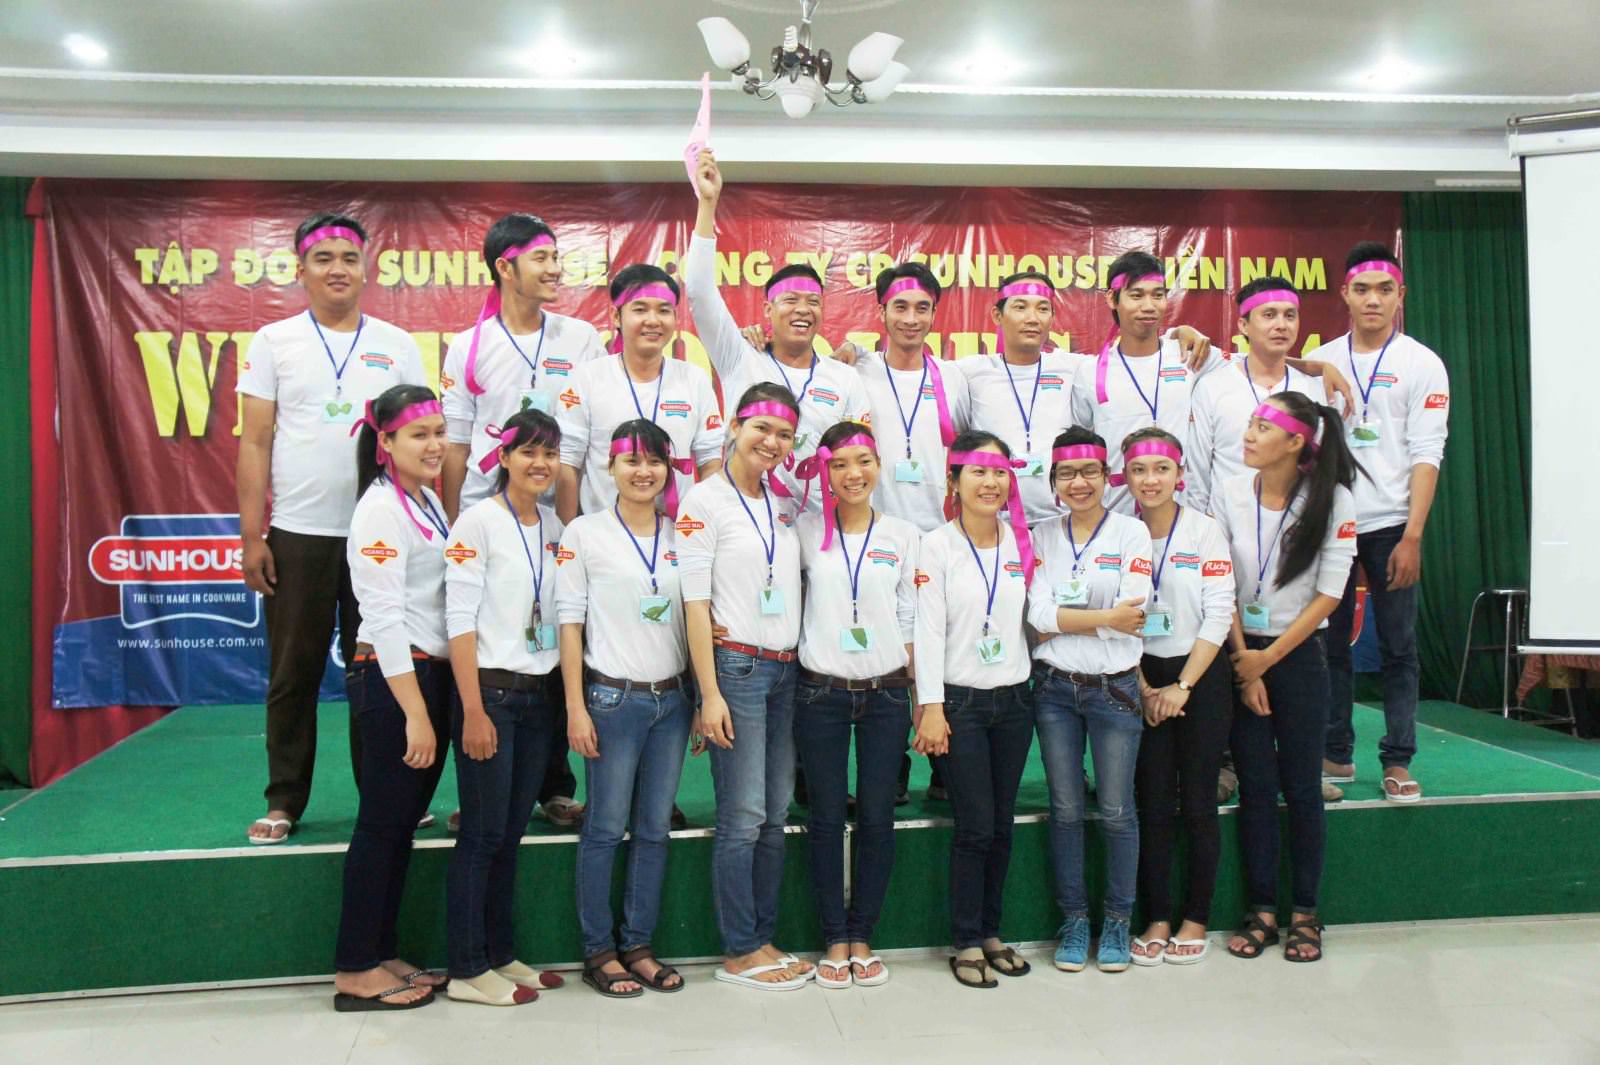 NHẬT KÝ WE ARE SODIERS 2014 4
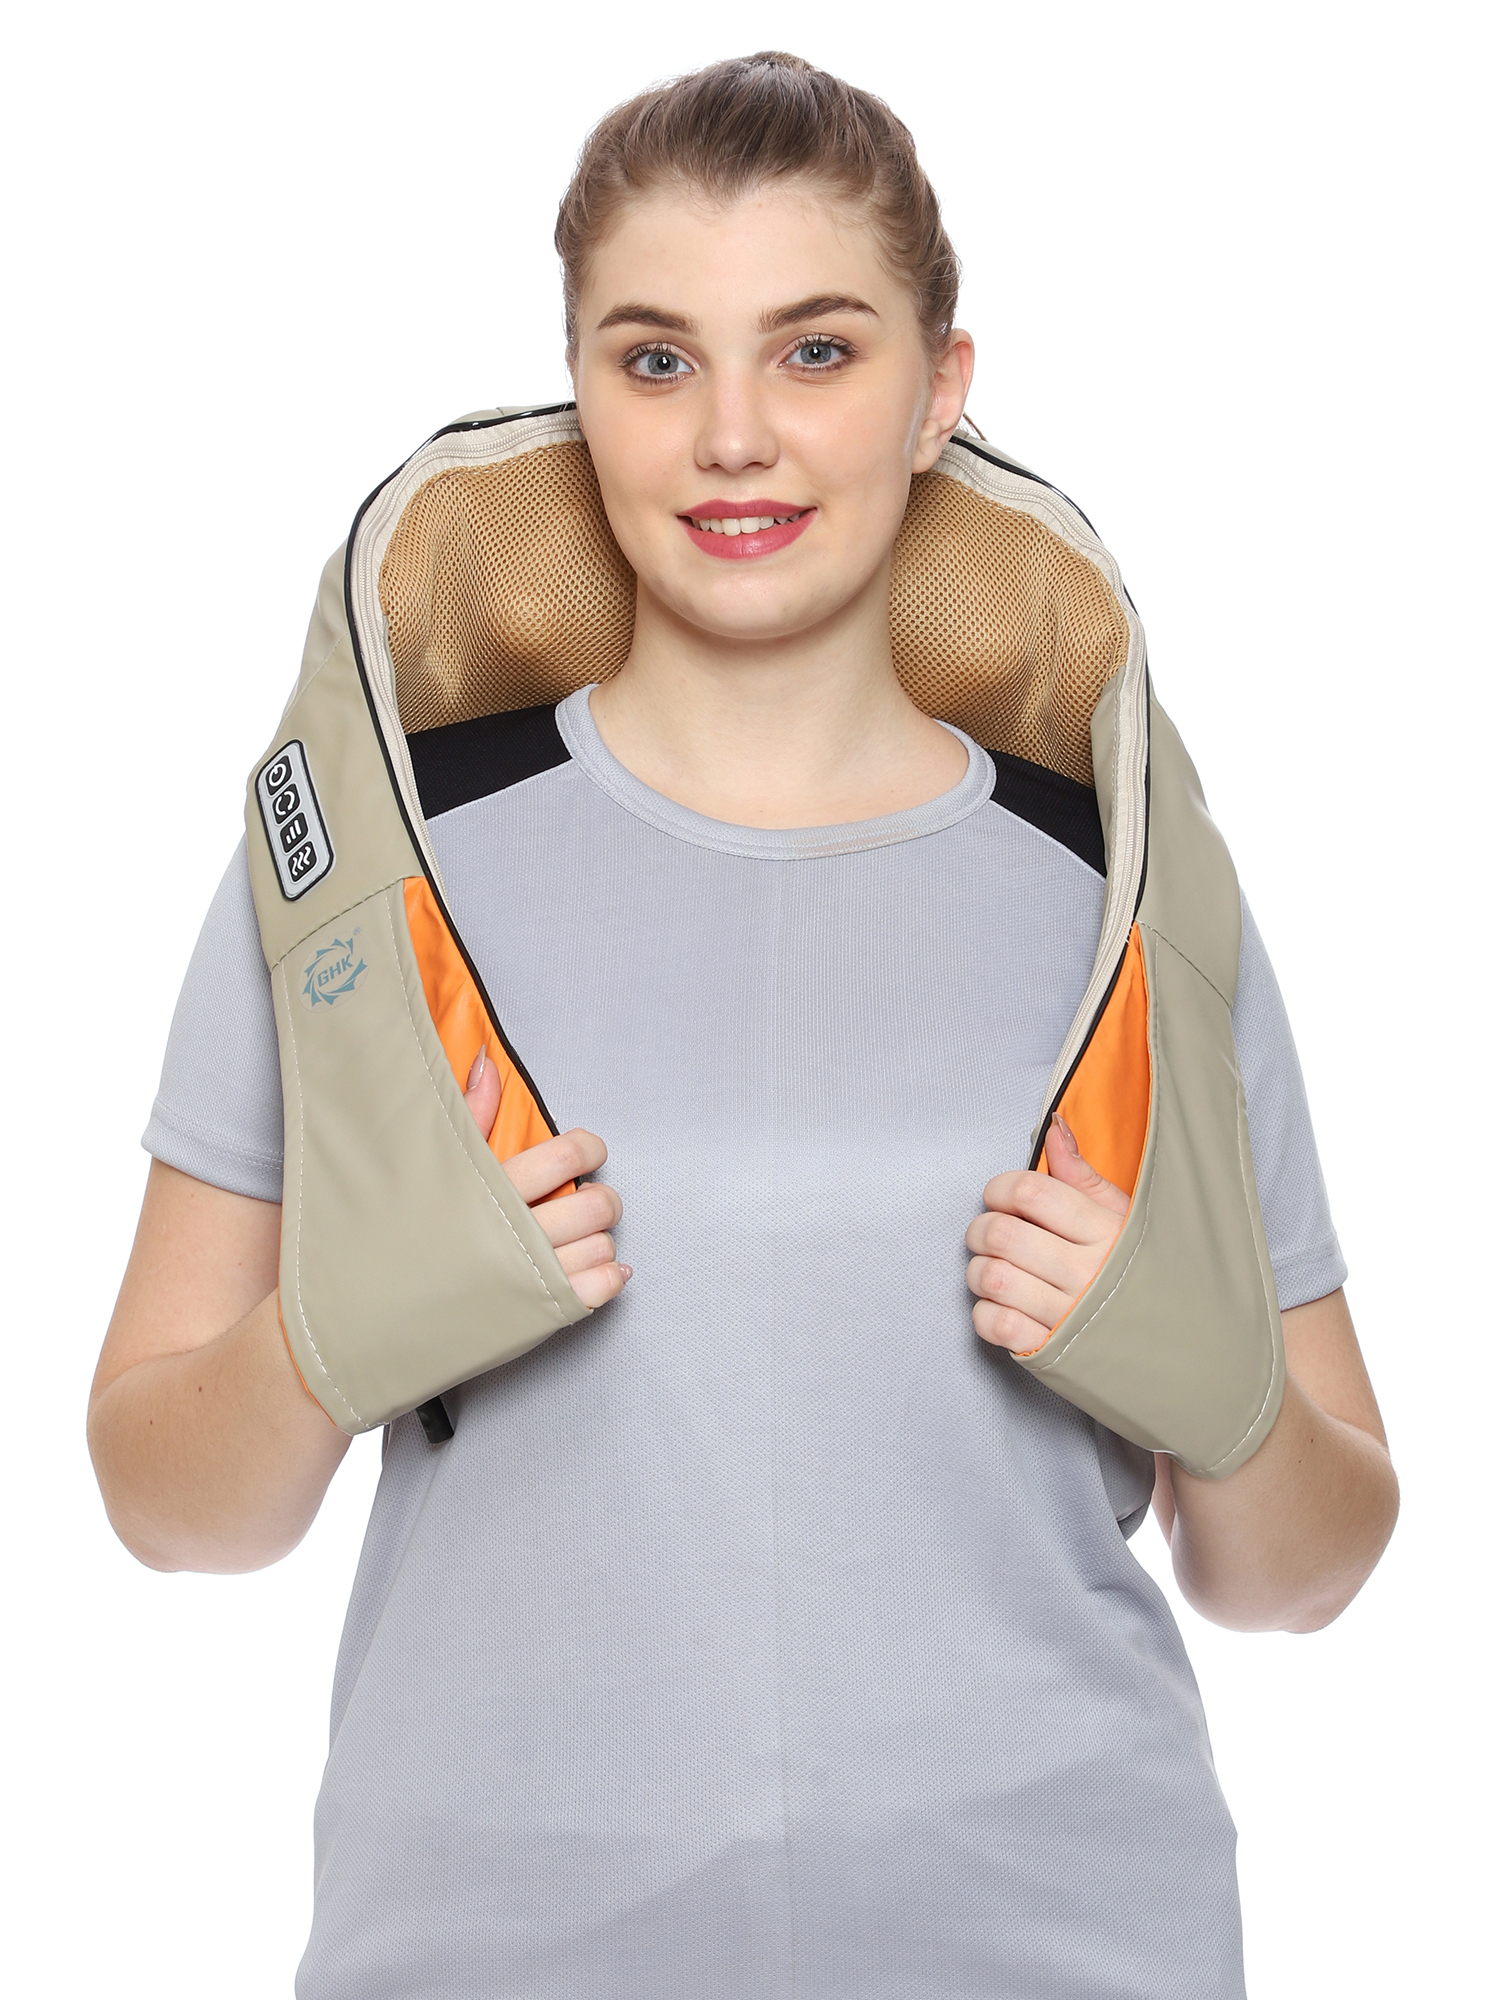 GHK H59 Electric Neck & Shoulder Multi Purpose Usage Kneading Massager for Complete Body Pain Relief
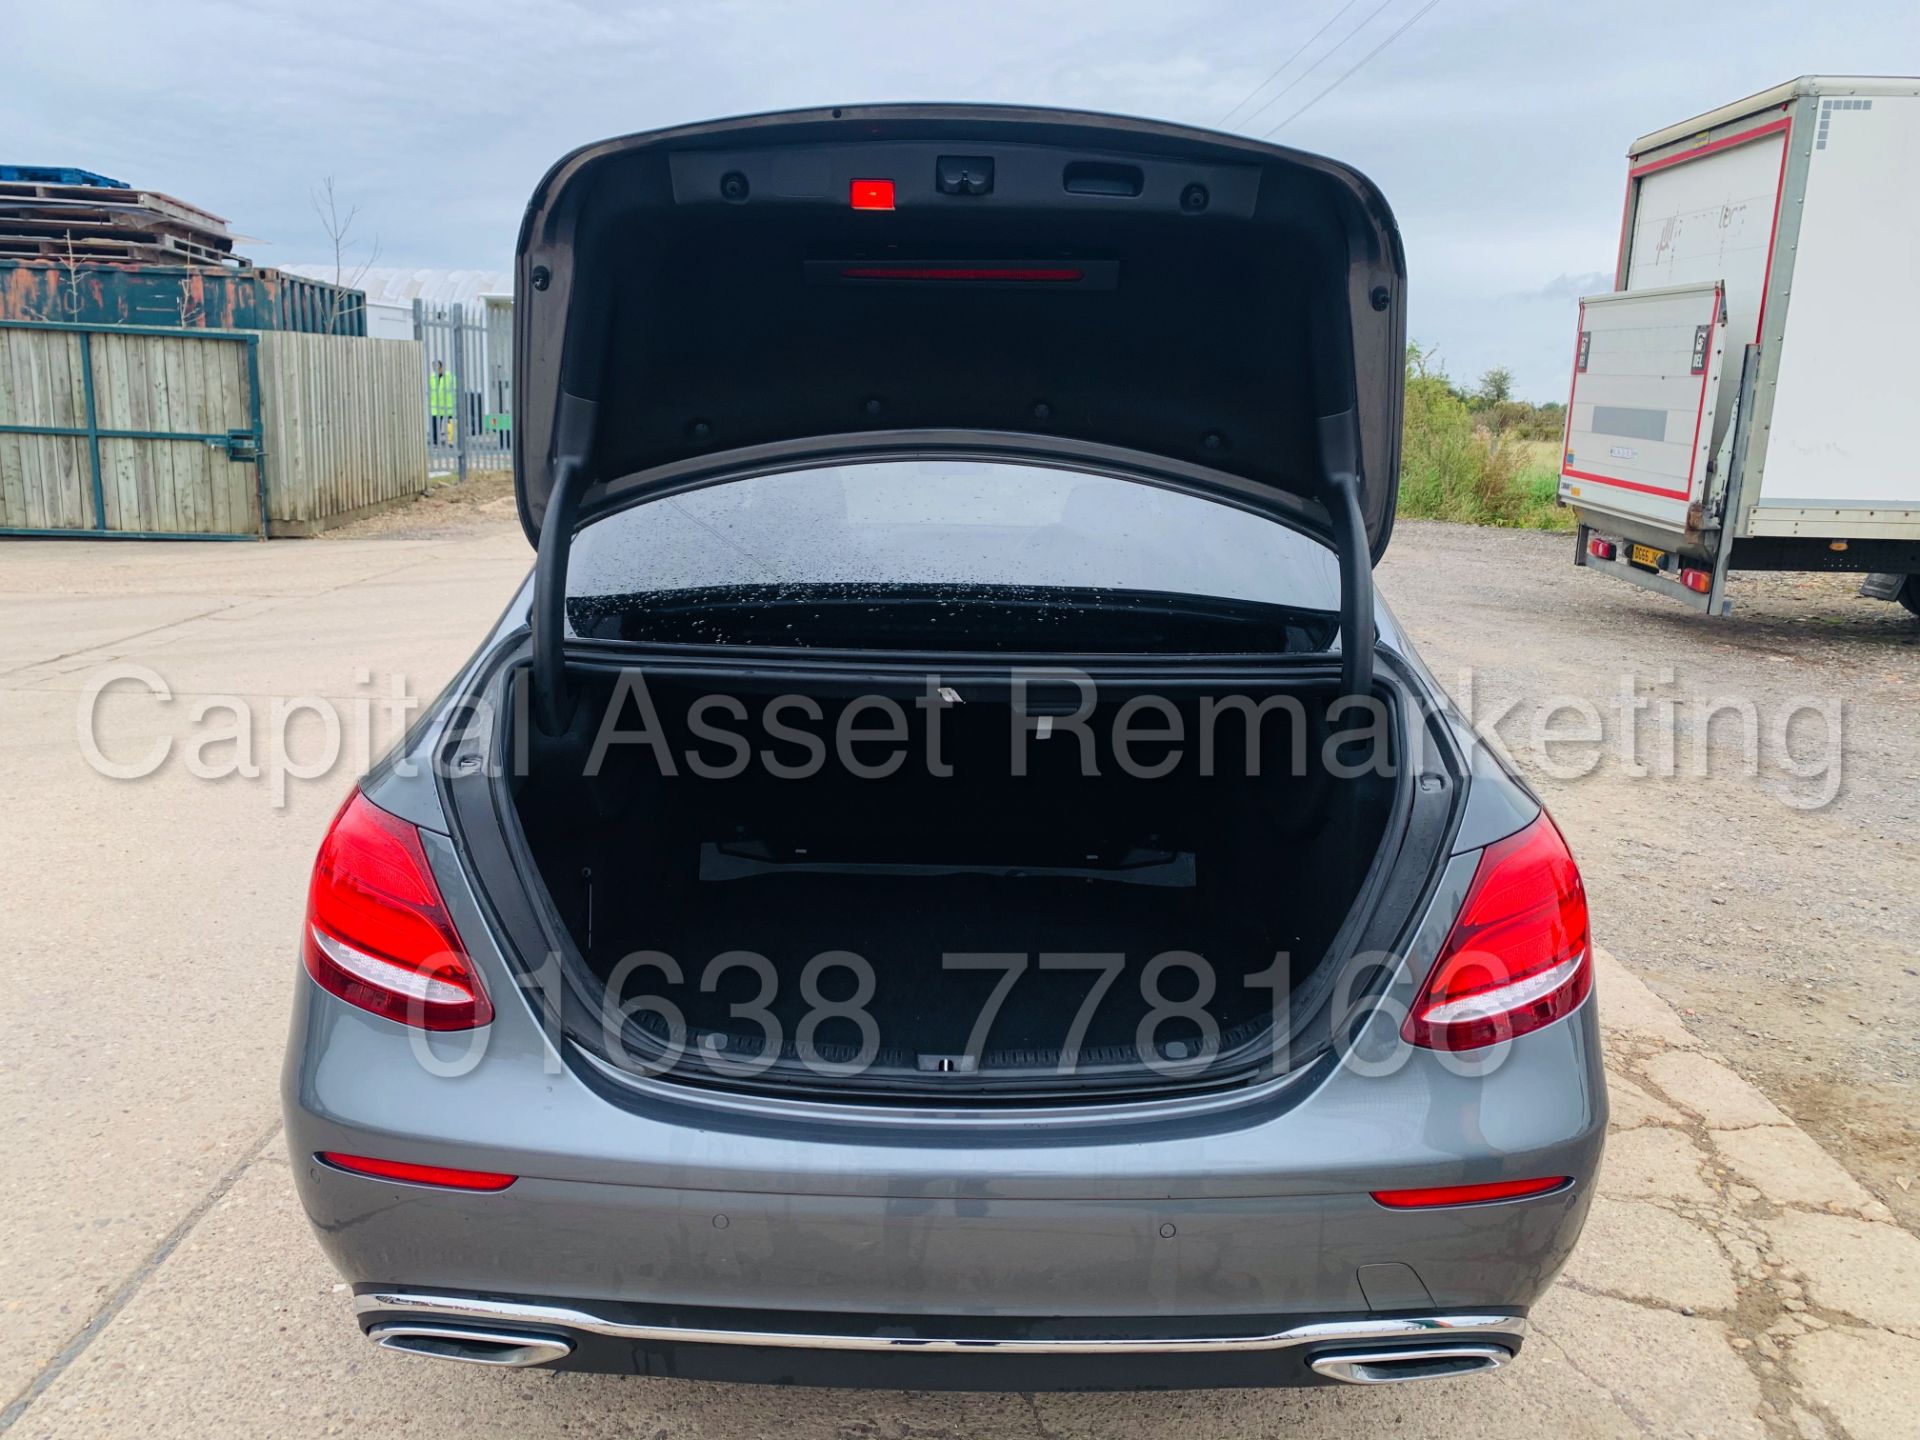 MERCEDES-BENZ E220D *SALOON* (2018 - NEW MODEL) '9-G TRONIC AUTO - LEATHER - SAT NAV' - Image 30 of 53

→ TASK BRIEF
Output the material word for word, omitting its pictures.

→ RESULT OF THIS TASK
 NHẬT KÝ WE ARE SODIERS 2014 4
 GHK H59 Electric Neck & Shoulder Multi Purpose Usage Kneading Massager for Complete Body Pain Relief
 MERCEDES-BENZ E220D *SALOON* (2018 - NEW MODEL) '9-G TRONIC AUTO - LEATHER - SAT NAV' - Image 30 of 53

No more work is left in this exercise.